Dans les méandres du cerveau

Comment les neurones établissent-ils des connexions ? Que fait le cerveau lorsque les sens sont en action ? Quelles sont les réactions chimiques provoquées par les émotions ou encore les drogues ? En quoi les nouvelles technologies peuvent-elles aider à soigner le cerveau ? Ce sont autant de sujets abordés par Le Cerveau vu de l’intérieur au Musée canadien de la nature,

L’exposition qui se tient jusqu’au 3 septembre tente de démystifier cet organe fascinant et complexe qui guide chacune de nos actions au quotidien. Fruit de millions d’années d’évolution, le cerveau humain utilise des signaux moléculaires, chimiques et électriques pour traiter l’information, prendre des décisions ou encore apprendre.

Arts visuels

Concentré d’impressionnistes

Les expositions se suivent et ne se ressemblent pas au Musée des Beaux-arts du Canada (MBAC). Cette fois-ci c’est Trésors impressionnistes. La collection Ordrupgaard qui invite les amateurs du genre et les non-initiés à admirer des chefs-d’œuvre français et danois du 19e siècle.

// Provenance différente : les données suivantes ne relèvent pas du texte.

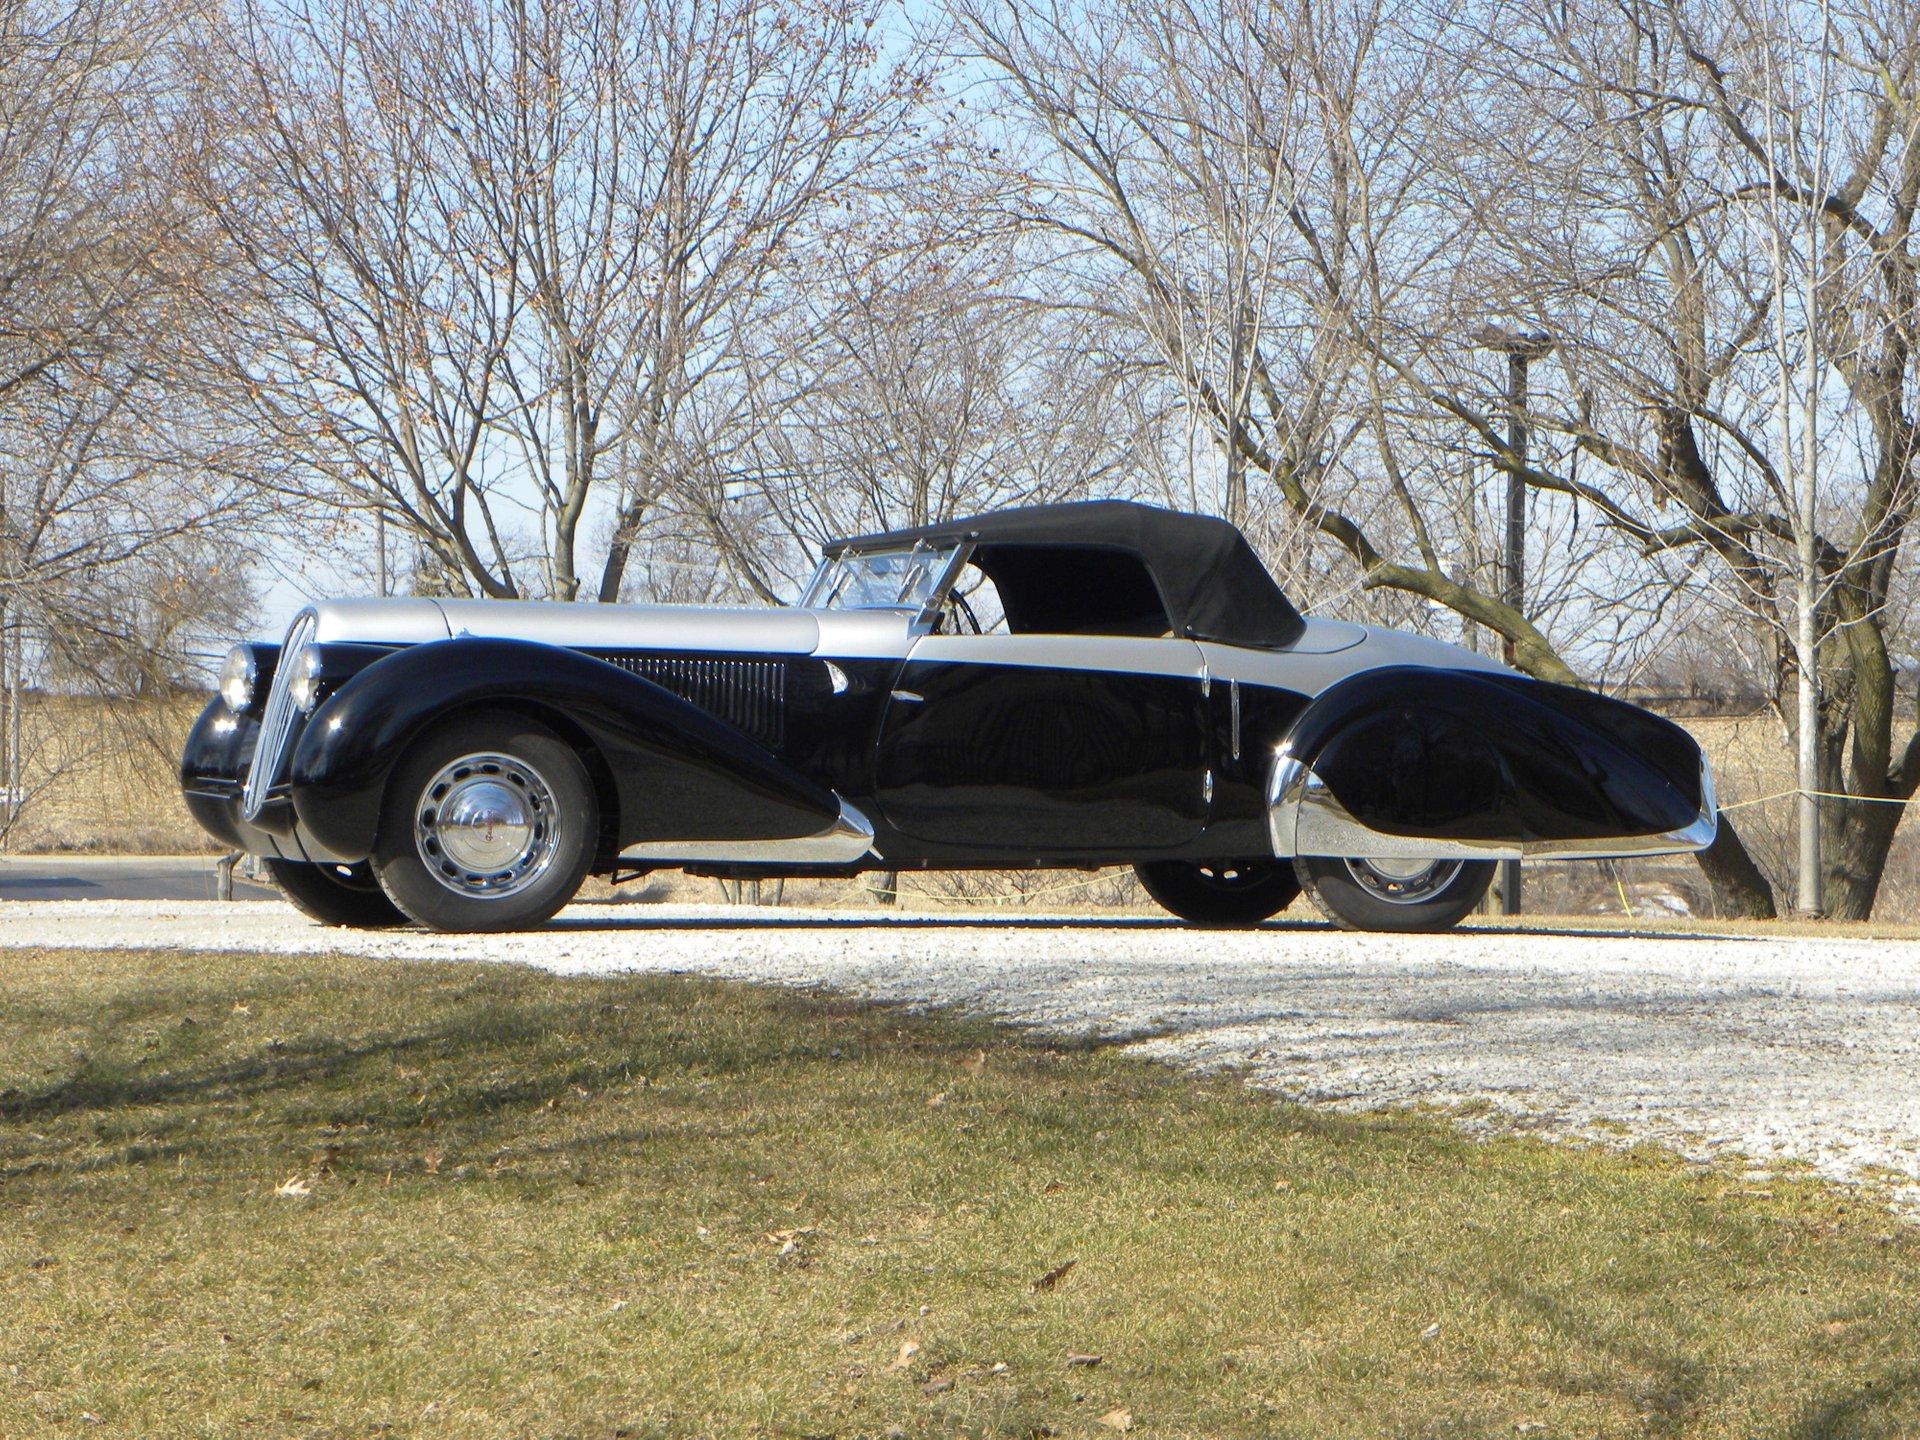 1937 peugeot model 402 pourtout cabriolet

Inédite en Amérique du Nord, l’exposition est présentée en exclusivité au MBAC jusqu’au 9 septembre. « C’est l’occasion de voir une collection qui n’est d’ordinaire pas si accessible, puisqu’elle est installée en banlieue de Copenhague, insiste Erika Dolfin, conservatrice associée au MBAC. Et ainsi de voir des spécimens exemplaires de peintures du 19e siècle. » 

Monet, Sisley, Pissaro, Cézanne, Manet, Renoir, Matisse ou encore Courbet, l’exposition fait découvrir aux visiteurs pas moins de 60 œuvres impressionnistes et postimpressionnistes françaises et 16 tableaux de l’Âge d’or danois. 

Un espace entier est même consacré à huit toiles de Paul Gauguin, ce qui permet d’apprécier l’évolution de l’artiste. On trouve d’ailleurs son célèbre Portrait d’une jeune fille, Vaïte (Jeanne) Goupil et sa nature morte Deux vases de fleurs. 

La collection Ordrupgaard

L’exposition de 76 peintures de la collection danoise, rassemblée entre 1892 et 1931 par l’homme d’affaires Wilhem Hansen et sa femme Henny, témoigne de l’amour et de la passion de ces collectionneurs pour l’art impressionniste et postimpressionniste. 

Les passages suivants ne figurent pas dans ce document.